Clapper also warned the U.S. “is facing the most diverse set of threats I’ve seen in my 50 years in the intelligence business” as he unveiled the National Intelligence Strategy, a document released every four years that serves to outline priorities for the nation’s 17 intelligence agencies.
As a result, he said the United States is taking on more risk.
“In many cases, we’ve chosen where we’re taking risk, cutting specific programs, stopping specific collections and declassifying specific documents,” Clapper said. “All of those are good choices, as long as we recognize that we as a nation have to manage the attendant risks.”
The new strategy was written with the notion of preventing further leaks by someone like Snowden, the former government contractor who told the world of U.S. surveillance programs on phone lines and the Internet.
For the first time, it includes seven “Principles of Professional Ethics for the Intelligence Community.” Those tenets — which include “truth,” “lawfulness,” and “integrity” — are intended as a “standard of ethical conduct expected of all intelligence community personnel.”
“I believe, if we keep these in front of us, we can continue the crucial work in support of our senior policy makers while we also increase transparency and protect privacy and civil liberties,” Clapper said.
The document also finds that global power is “becoming more diffuse.”

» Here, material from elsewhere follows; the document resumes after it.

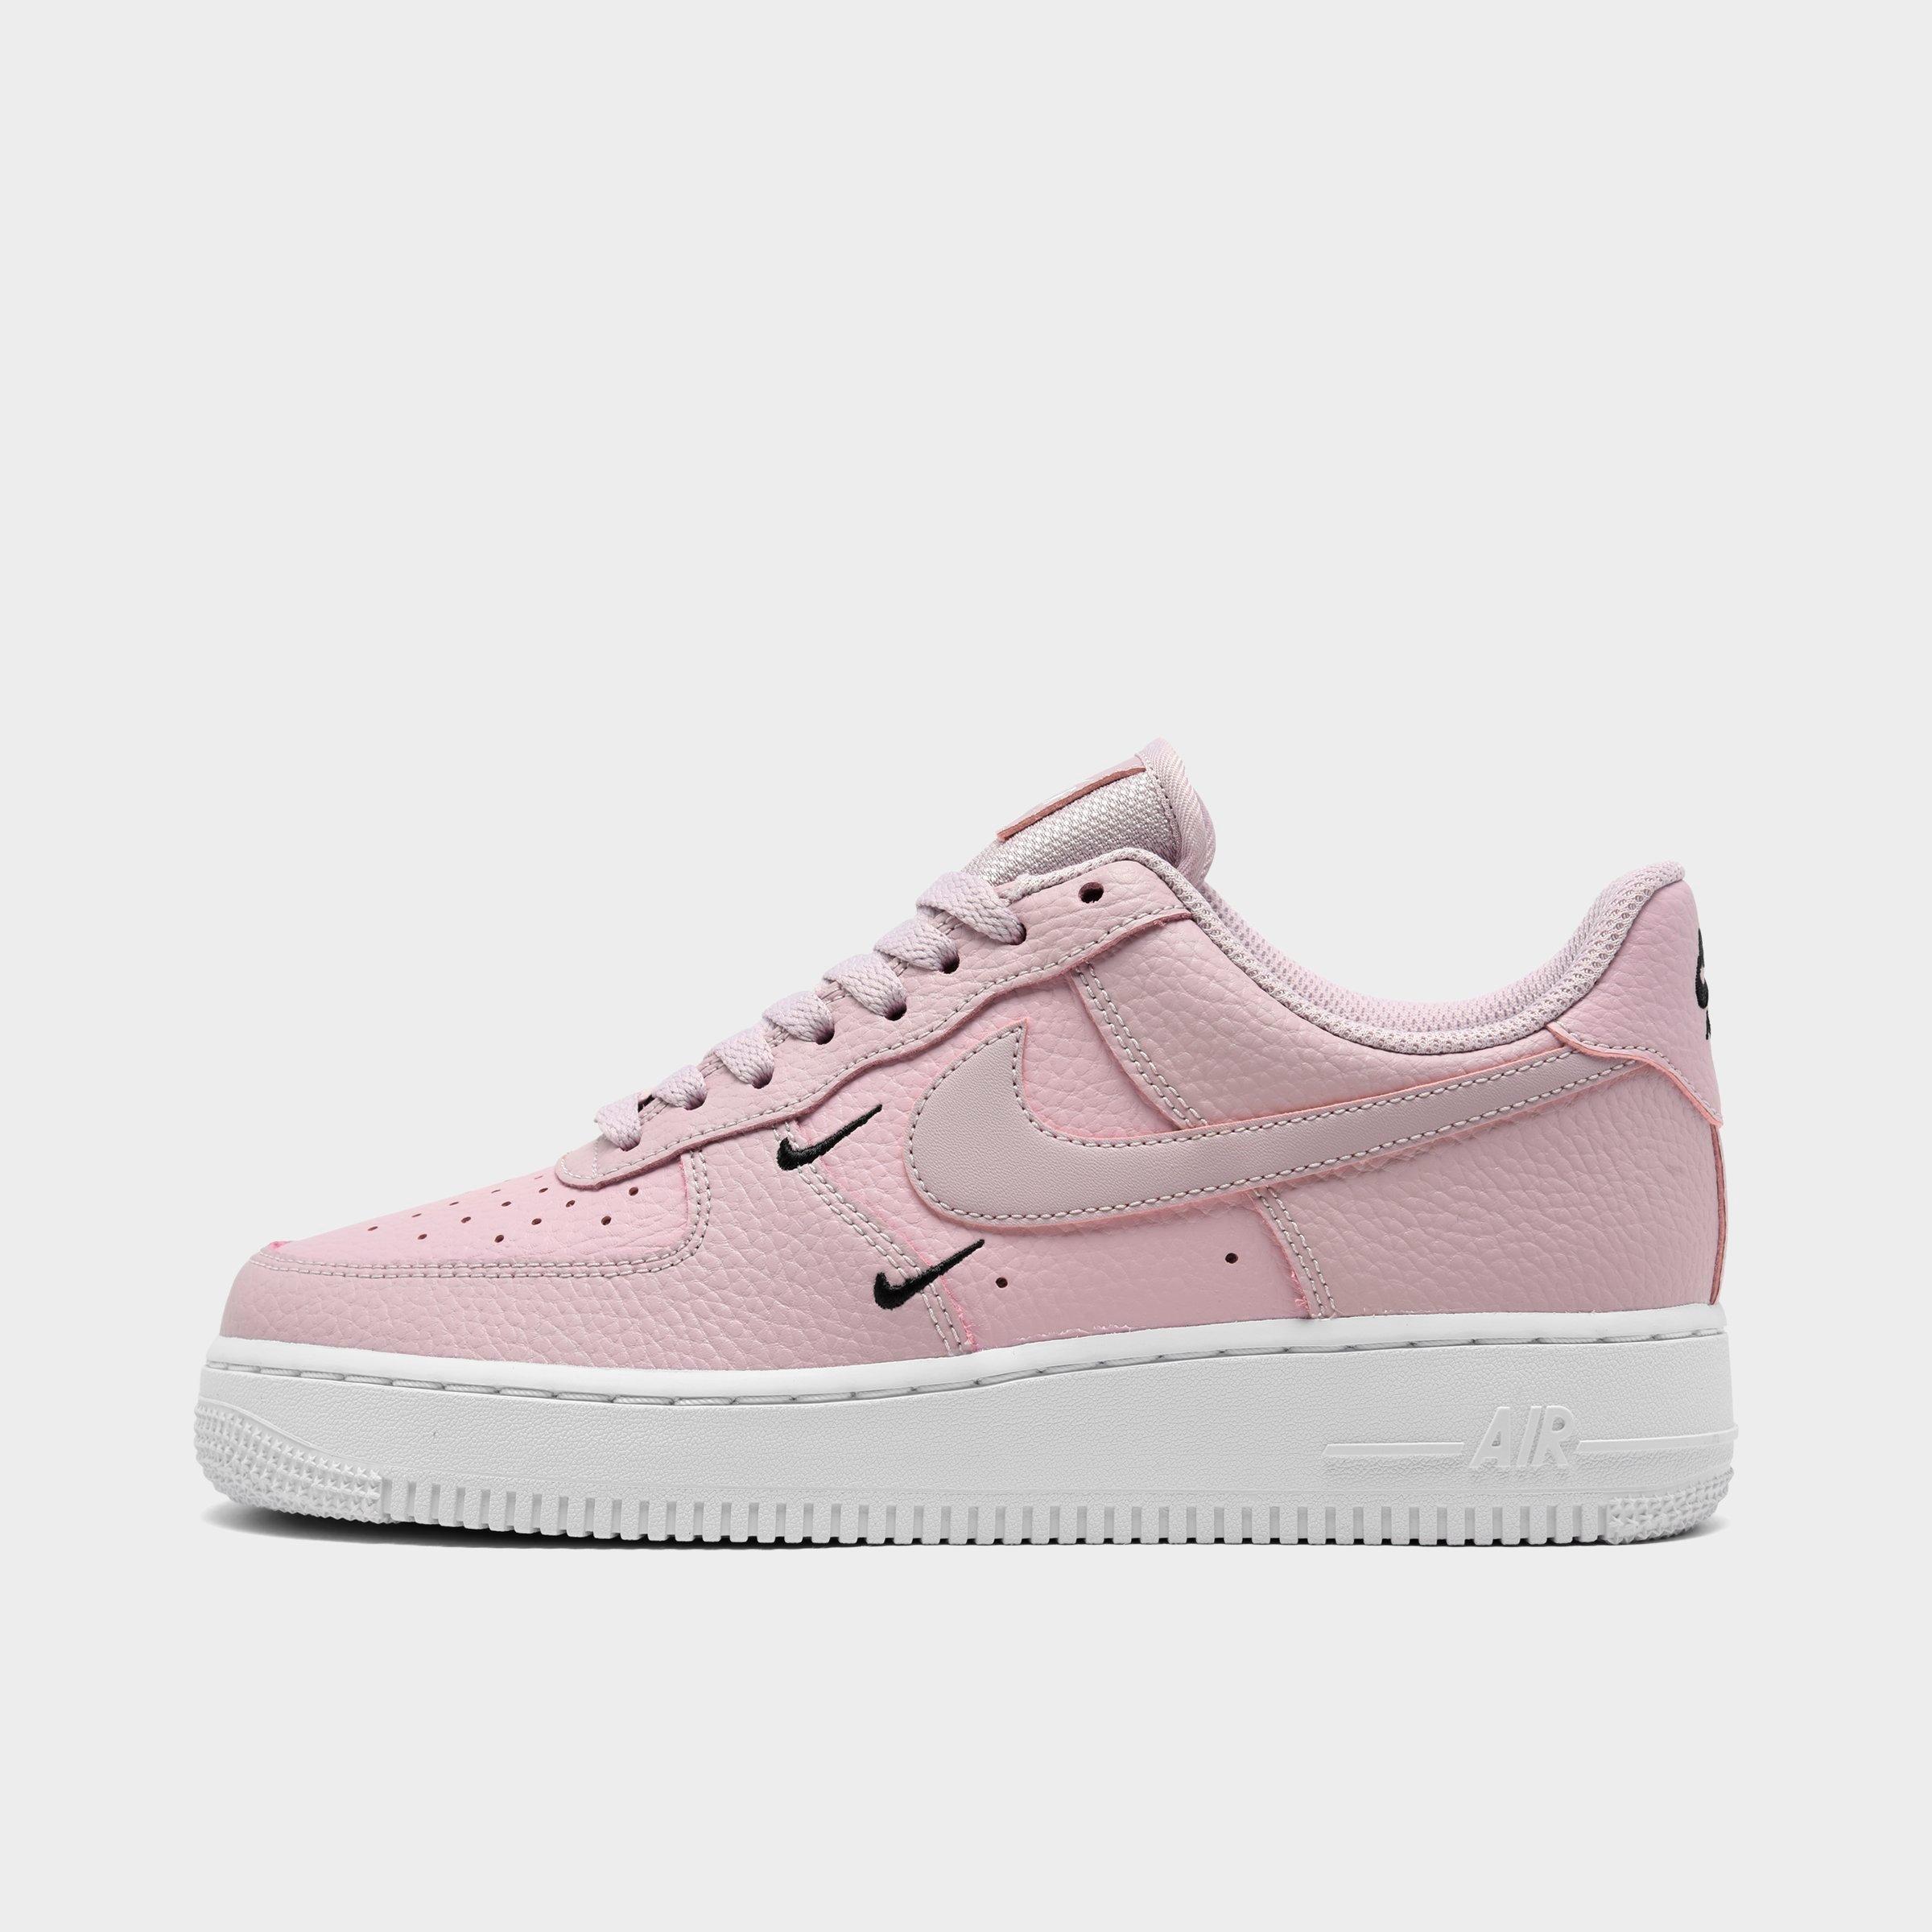 air force ones women's

“New alignments and informal networks, outside of traditional power blocs and national governments, will increasingly have a significant impact in global affairs,” the assessment reads. “Competition for scarce resources such as food, water and energy is growing in importance as an intelligence issue as that competition exacerbates instability, and the constant advancements and globalization of technology will bring both benefits and challenges.”